— Мы же можем быть взаимно вежливыми, Аллата? — протянул Старик, пока Милиссон раздумывала, где его шею будет быстрее перегрызть. — Ты — мне, я — тебе. А твой сынок проведёт небольшие каникулы у нас.
— И что тебе нужно? — внезапно холодно и сдержанно поинтересовалась вампирша. Разум, который гнев постепенно оставлял, недовольно кричал на Аллату — её действия отразятся на сыне. Нет, со Стариком надо действовать тоньше, умнее, осторожнее.
— О, пустяк, — махнул рукой вампир. — Ты всего лишь должна привести ко мне Бенни.
Аллата выдыхает сквозь плотно сжатые зубы.

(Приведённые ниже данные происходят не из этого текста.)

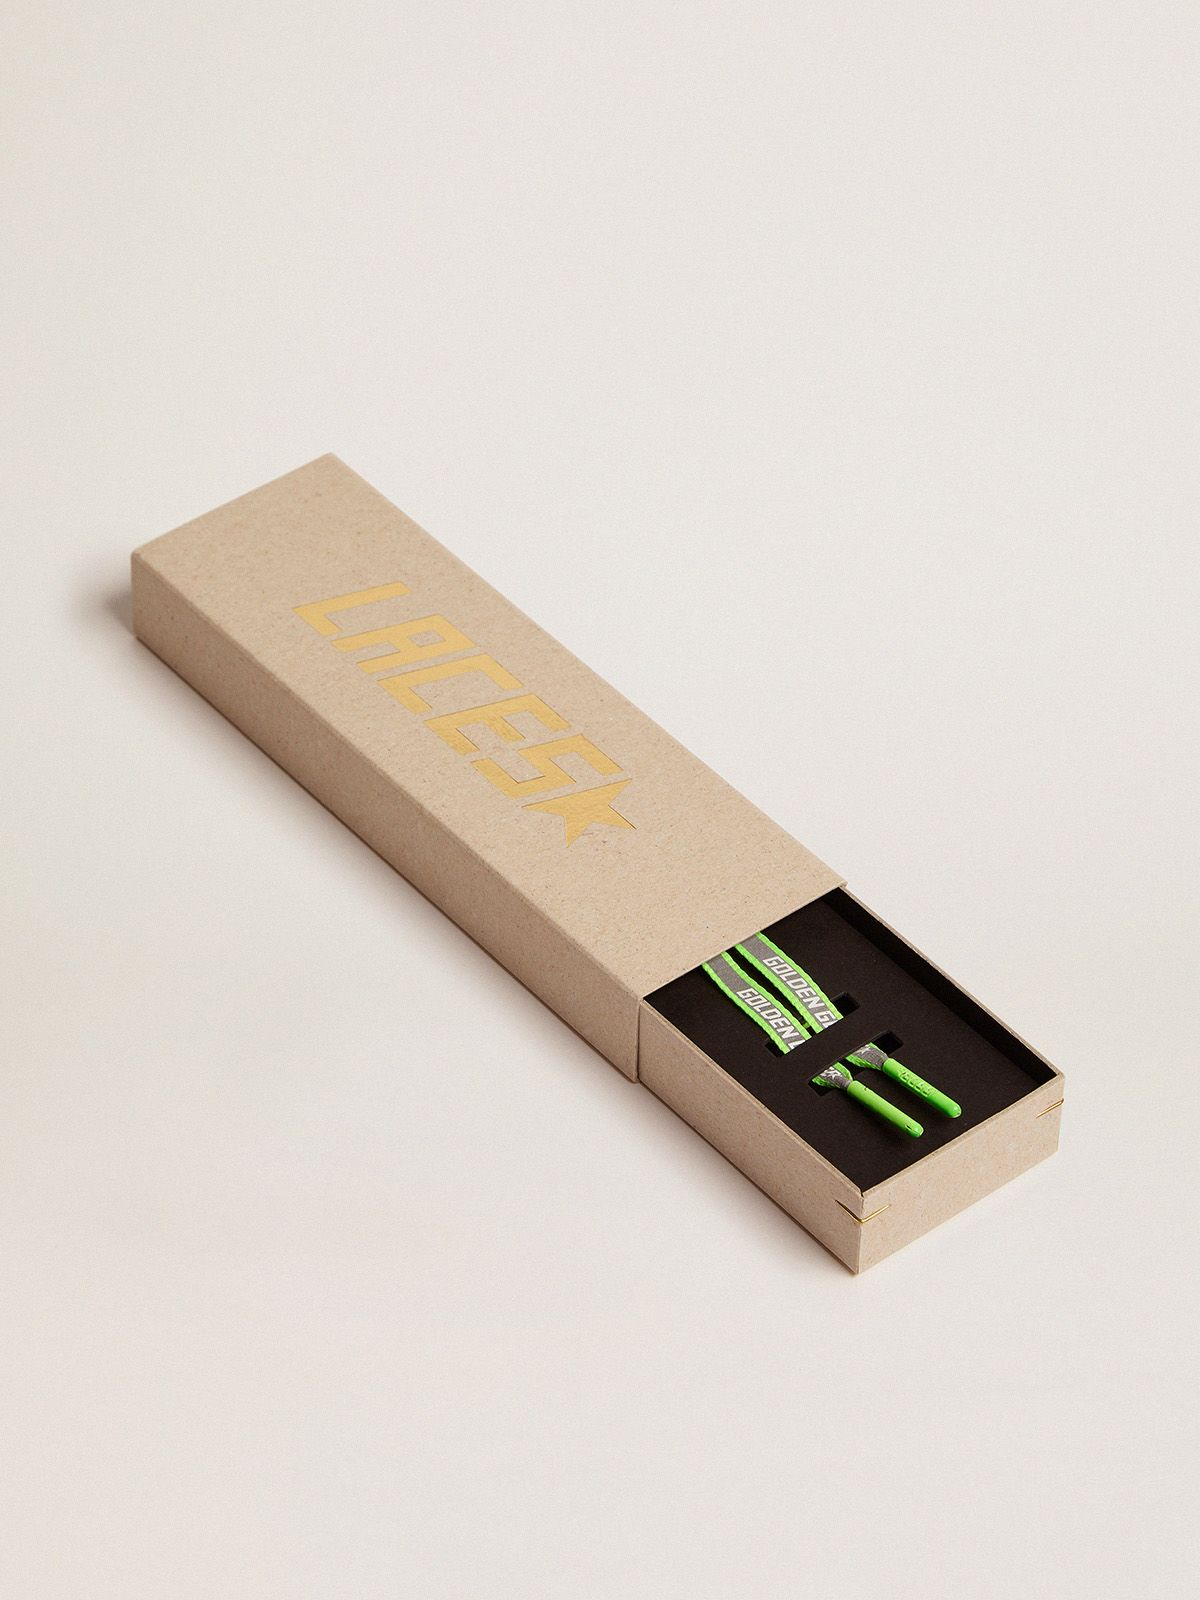 Golden Goose - Lacci uomo riflettenti verde fluo con logo   in
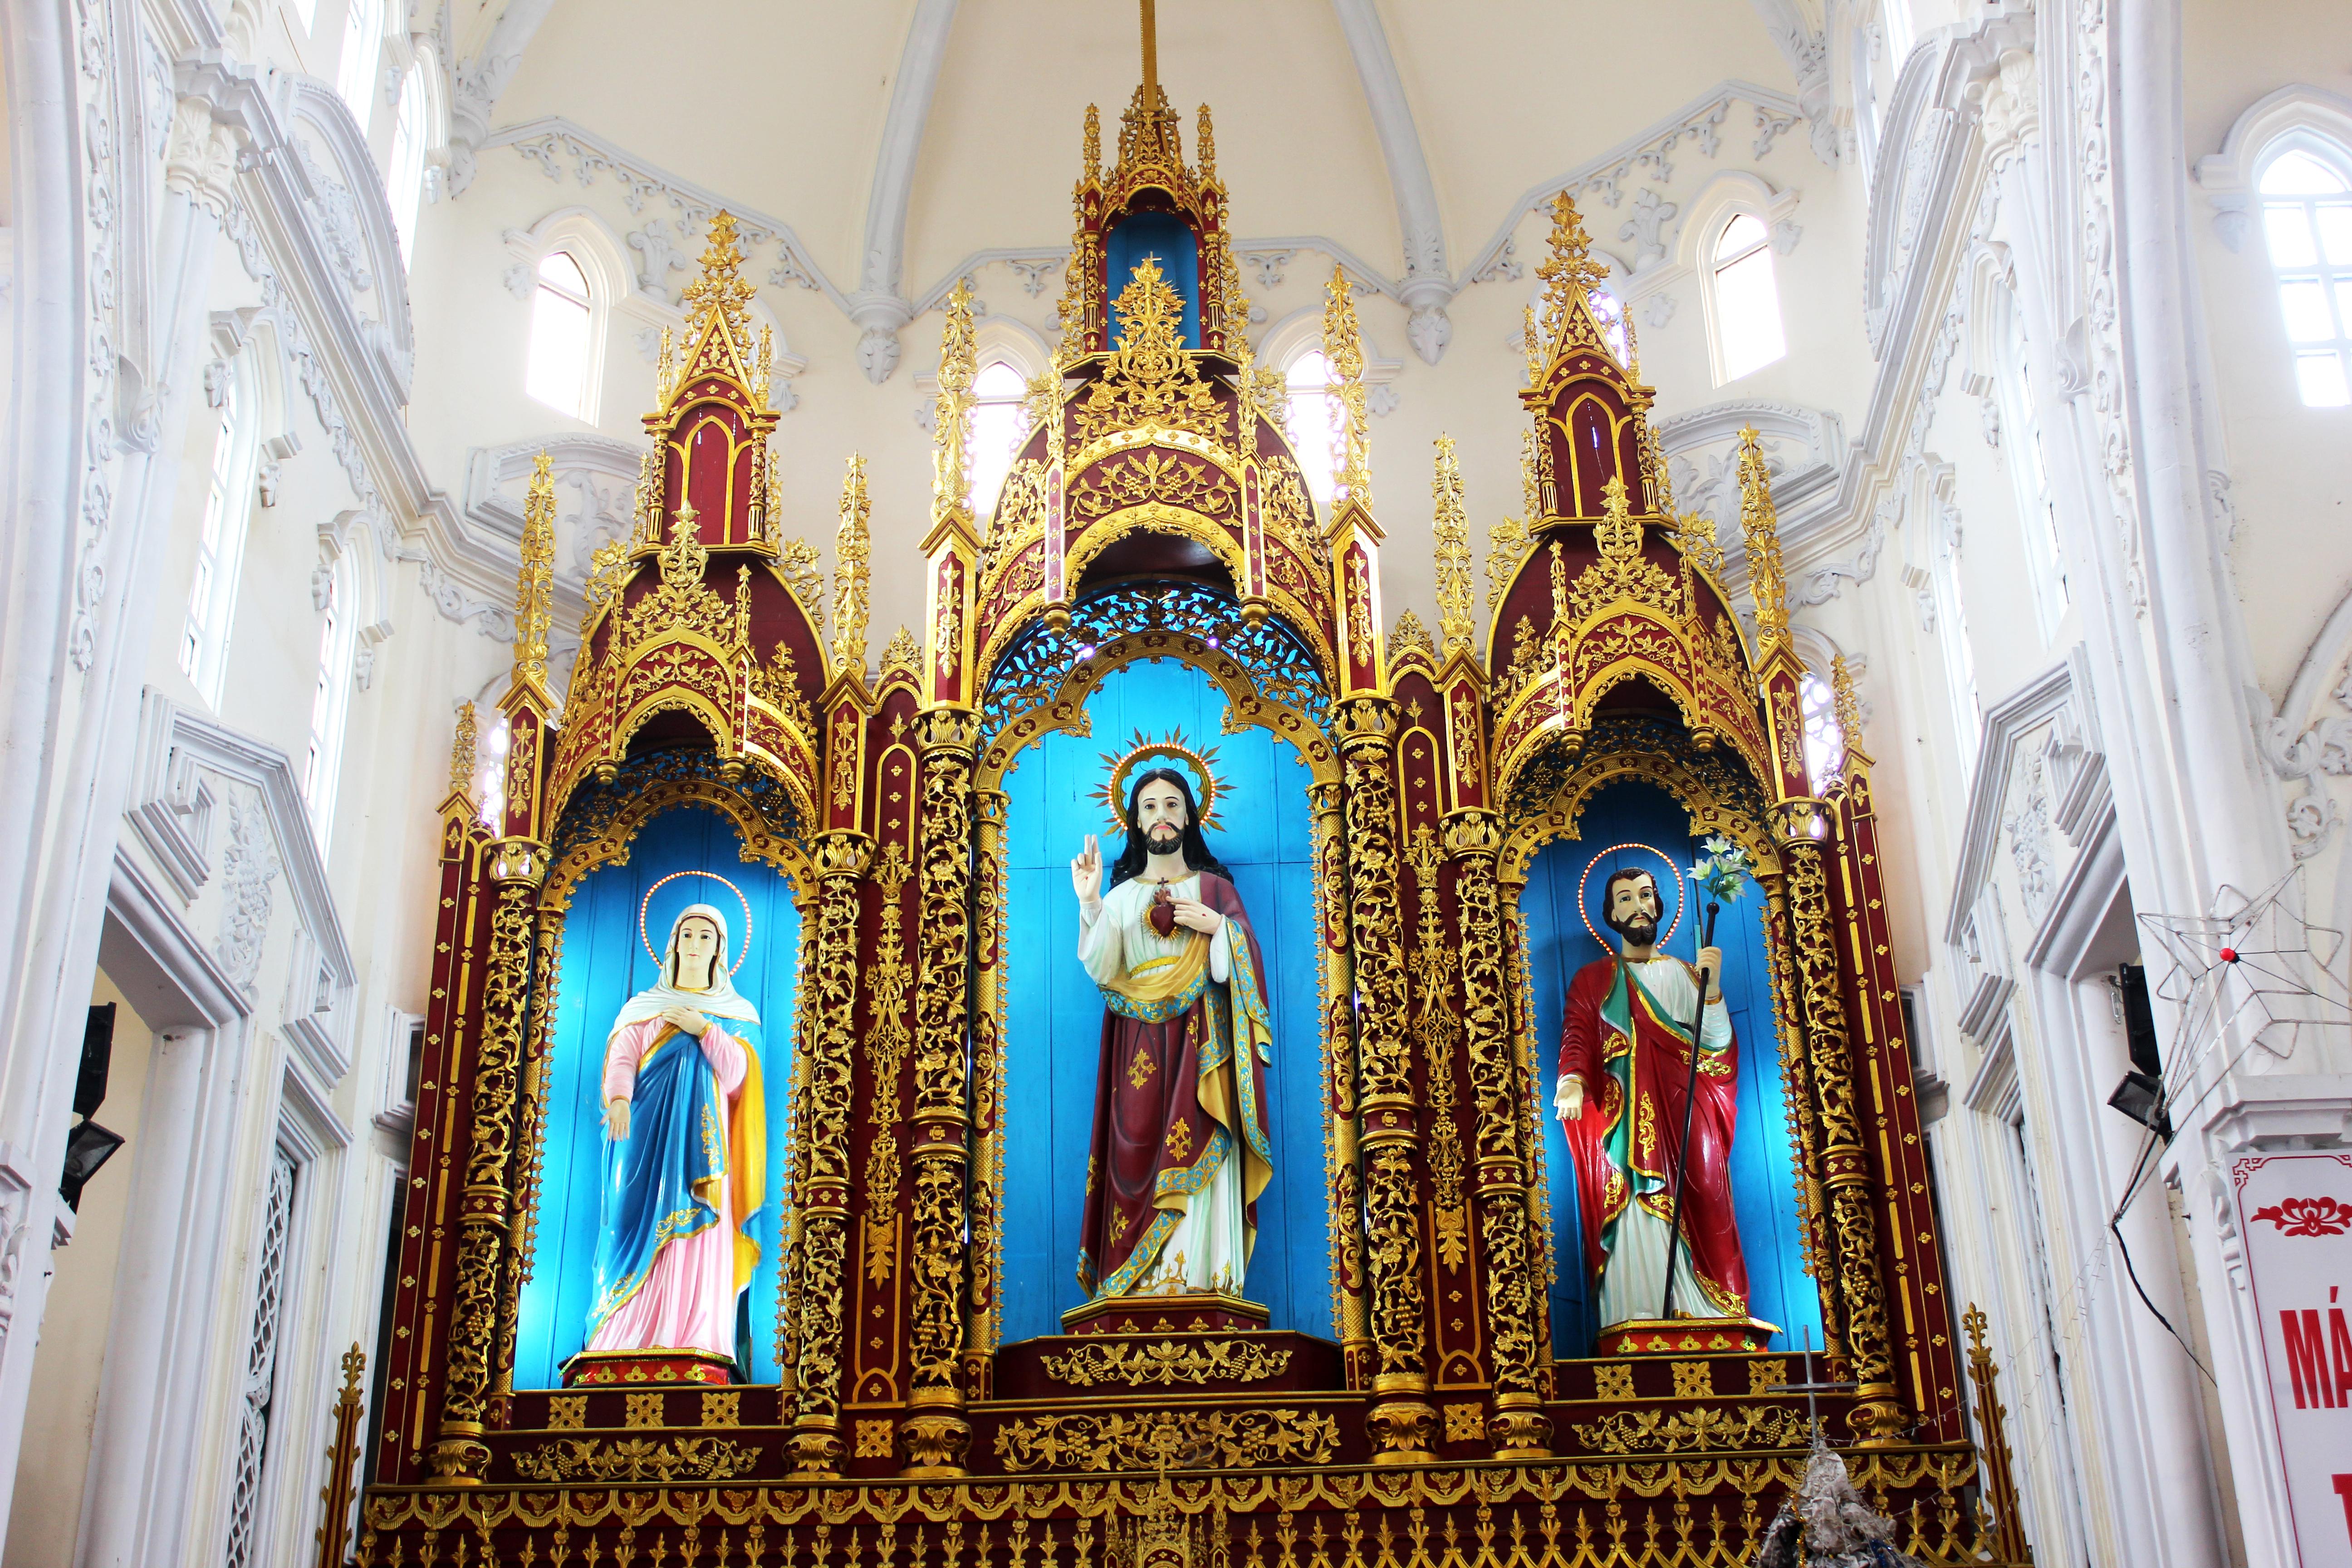 Giáo Xứ Liêu Ngạn – Giáo Phận Bùi Chu Mừng Lễ Quan Thầy Thánh Gia Thất

— Значит, это всё из-за сына?
— У меня не было выбора.
— Конечно.
Они стоят друг напротив друга. Точнее, стоит Аллата — Бенни сидит на высоком стуле, сдерживаемый наручниками. Сердце Милиссон, его остатки, борется с разумом, а Аллата не может сосредоточенно думать. В комнате они одни, спасибо Сорренто. Андреа это явно не одобряет, но Аллата была так рада, что ей дали возможность объясниться с ним. Лафит не сводит с неё внимательного взгляда. В отличие от Андреа, она не складывает руки на груди, стоит совсем рядом, открытая. И сейчас Бенни понимает, что всё это к чёрту ему не нужно — месть, бывшая любовь, Старик. Всё, что он имел и потерял, всегда было рядом.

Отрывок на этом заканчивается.